Lipopeptides derived from HIV and SIV mimicking the prehairpin intermediate of gp41 on solid supported lipid bilayers.

We present a universal mimetic approach of the prehairpin intermediate of gp41, which represents the active drug target for fusion inhibitors of HIV (human immunodeficiency virus) and SIV (simian immunodeficiency virus) based on membrane anchored lipopeptides. For this purpose, we have in situ coupled terminal cysteine-modified peptides originating from the NHR of SIV and HIV to a maleimide-functionalized DOPC bilayer and monitored the interactions with potential antagonists of the trimer-of-hairpin conformation C34 and T20 peptides by means of atomic force microscopy and ellipsometry.
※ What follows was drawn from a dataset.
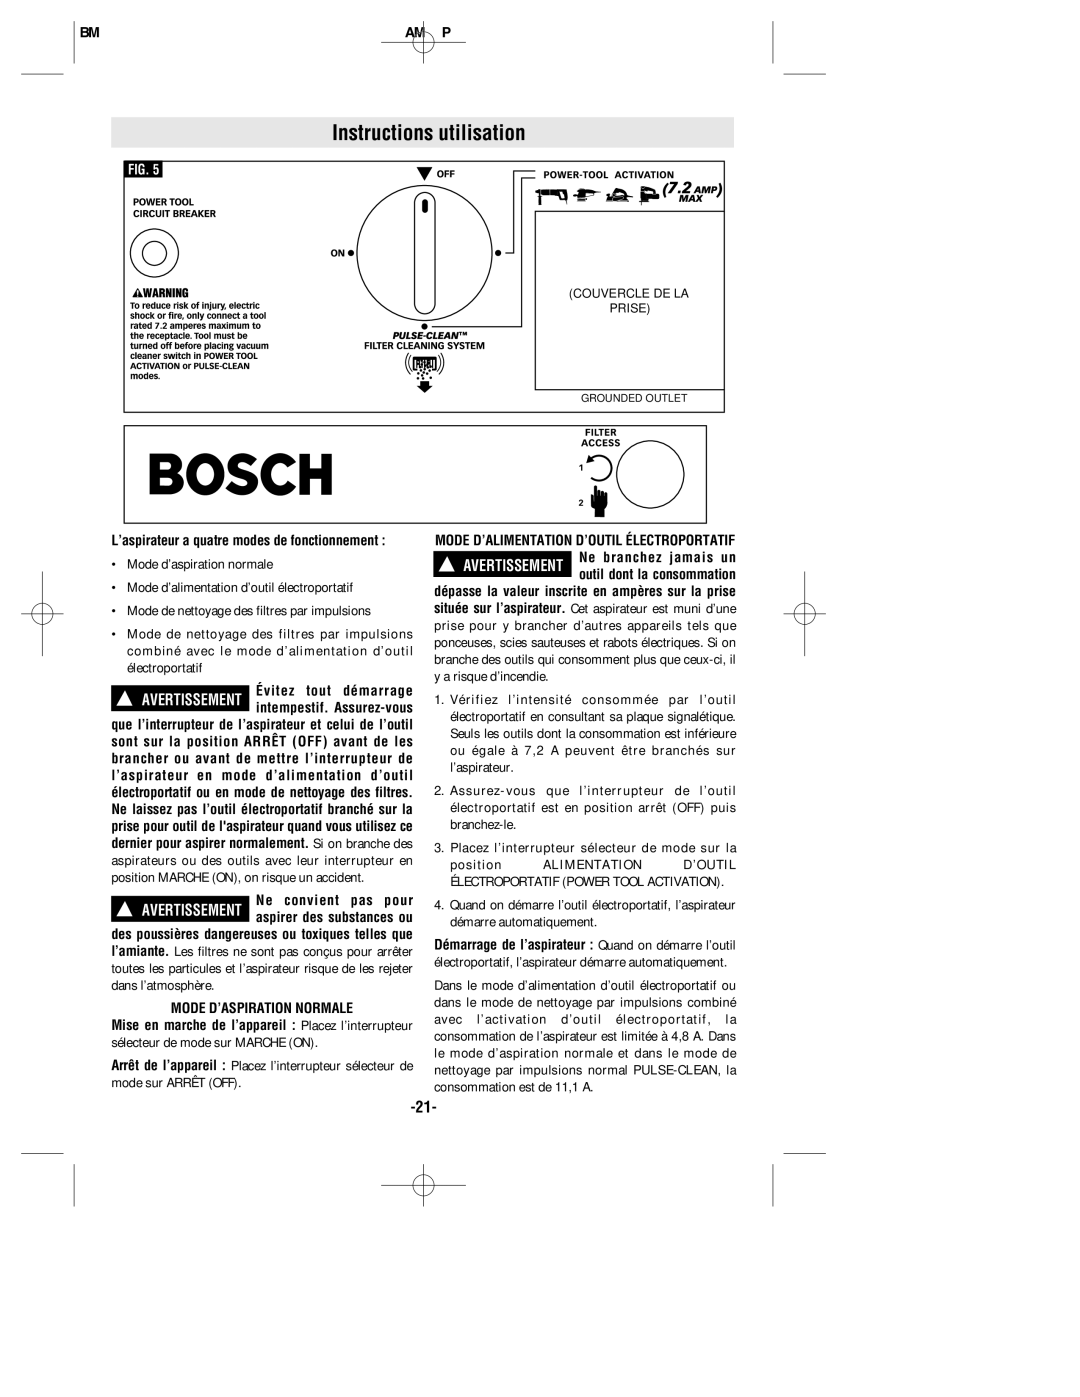 Bosch Appliances 3931 manual Instructions utilisation, Ne convient pas pour, Mode D’ASPIRATION Normale 
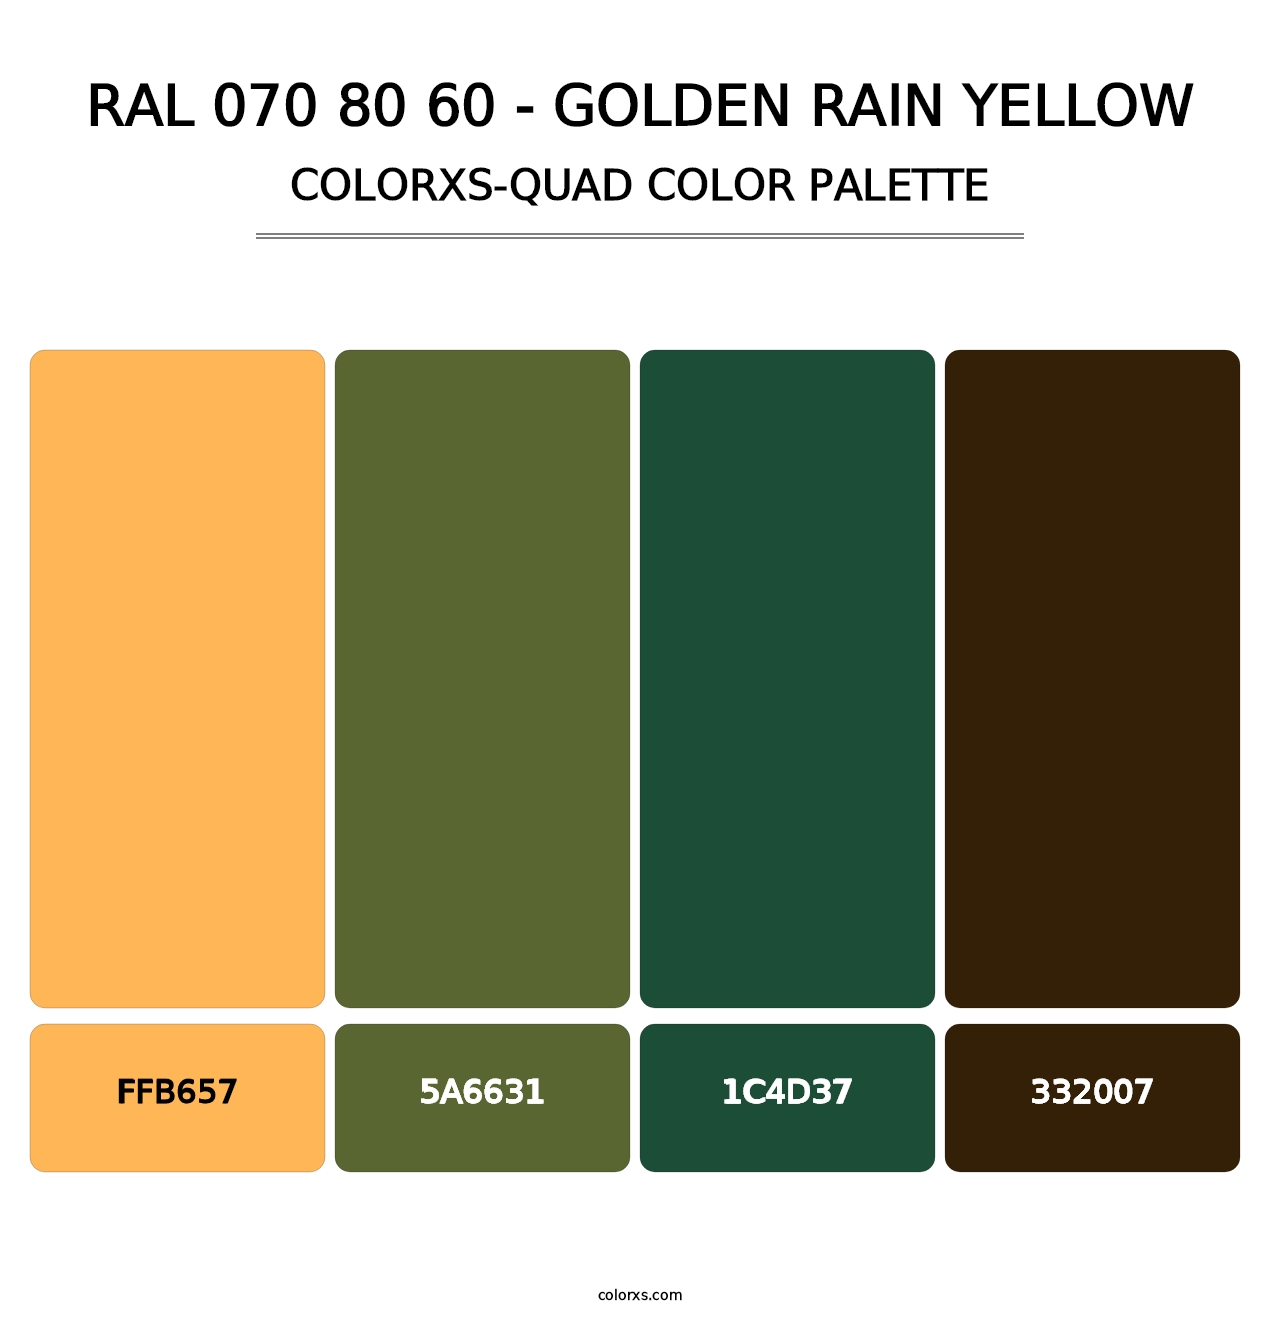 RAL 070 80 60 - Golden Rain Yellow - Colorxs Quad Palette

FT-IR analysis in conjugation with CD-spectroscopy of hydrated N36-lipopeptides, incorporated in multilamellar bilayer stacks was employed to investigate peptide conformation prior to antagonist binding. In contrast to solution studies substantial secondary structure formation of S-N36 after in situ coupling to the bilayer was found. We could show that S-N36-lipopeptide-aggregates in bilayers were selectively able to bind T20 or the corresponding C-peptides (C34) and similar results could be achieved by using H-N36 lipopeptides. It was found that T20 binding to coiled coil S-N36 lipopeptide assemblies was fully reversible at elevated temperatures, while T20 binds irreversibly to H-N36 bundles.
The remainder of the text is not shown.